Perfect Forward using std::forward vs RefRefCast

Question

I'd appreciate your help understanding std::forward implementation.

What's the difference between std::forward and a standard cast to T&& in a template function? In this example at least, they both seem to do the forwarding work correctly. The LValue gets forwarded to the LValue overload, and the RValue is forwarded to the RValue overload.

struct DemoPerfectForwardVsRefRefCast
{
    void overloaded(int const &arg) { std::cout << "receive by lvalue\n"; }
    void overloaded(int && arg) { std::cout << "receive by rvalue\n"; }

    template< typename t >
    void forwarding(t && arg) {
        std::cout << "via std::forward: ";
        overloaded(std::forward< t >(arg));  // forwards correctly
        std::cout << "via && cast: ";
        overloaded(static_cast<t&&>(arg)); // seems to also forward correctly
    }

    void demo()
    {
        std::cout << "initial caller passes rvalue:\n";
        forwarding(5);
        std::cout << "initial caller passes lvalue:\n";
        int x = 5;
        forwarding(x);
    }

};

Is universal reference + reference collapsing + static cast to T&& enough?

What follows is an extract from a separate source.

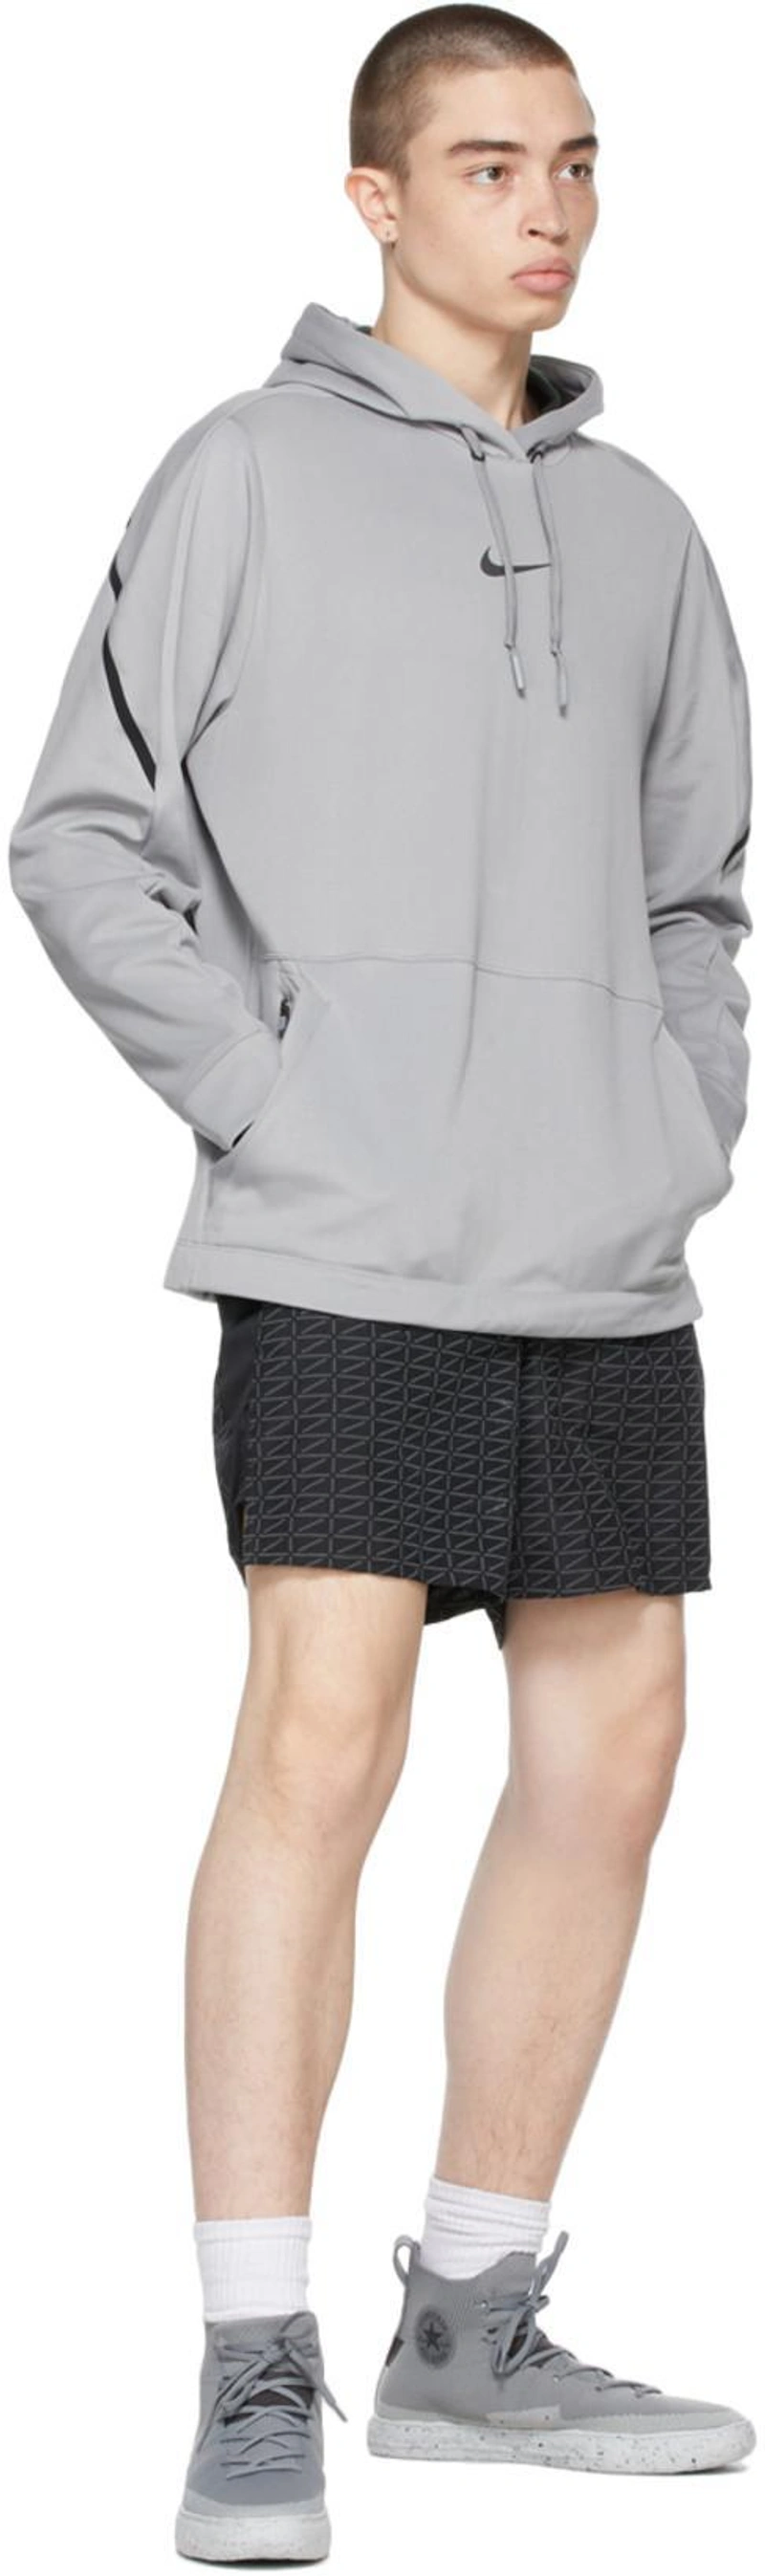 SSENSE's Post | Wearing: Nike Grey & Black Pro Pullover Hoodie In Particle Grey,black; Nike Black Run Logo Shorts In Black/white; Converse Grey Chuck Taylor All Star Crater Knit High Trainers In Hi Limestone Grey

In Visual Studio 2017 the definition of std::forward is implemented differently, with two template functions, one with a T& param, and one with a T&& param. Is that necessary? Is it better than just the cast? I'm rather confused by their comments

// forward an lvalue as either an lvalue or an rvalue
// forward an rvalue as an rvalue

Answer 1

If you mis-specify your type T, static_cast<T&&> will turn an rvalue into an lvalue, whereas the call to std::forward<T> will be ill-formed.

E.g.

int f() { return 42; }

template<typename T>
void forward() {
    std::forward<T>(f());
}

template<typename T>
void cast() {
    static_cast<T&&>(f());
}

int main() {
    forward<const int &>(); // error: static assertion failed: std::forward must not be used to convert an rvalue to an lvalue
    cast<const int &>(); // compiles
}

Answer 2

In summary, in order just to forward a variable you could use a simple cast. The reason a function was introduced was primarily to make the code cleaner.

However, there is a slight advantage beyond that. In the vast majority of the times, the l-value variant of std::forward will be called, as every named variable is an l-value. But in some special cases, you might want to forward a function-call result (such as std::move). In this case, the casting static_cast<T&&>(std::move(t)) will not work if t is an lvalue, because casting from r-value to l-value is prohibited.

I believe that the second use-case is extremely rare, however it is a possibility that should be covered.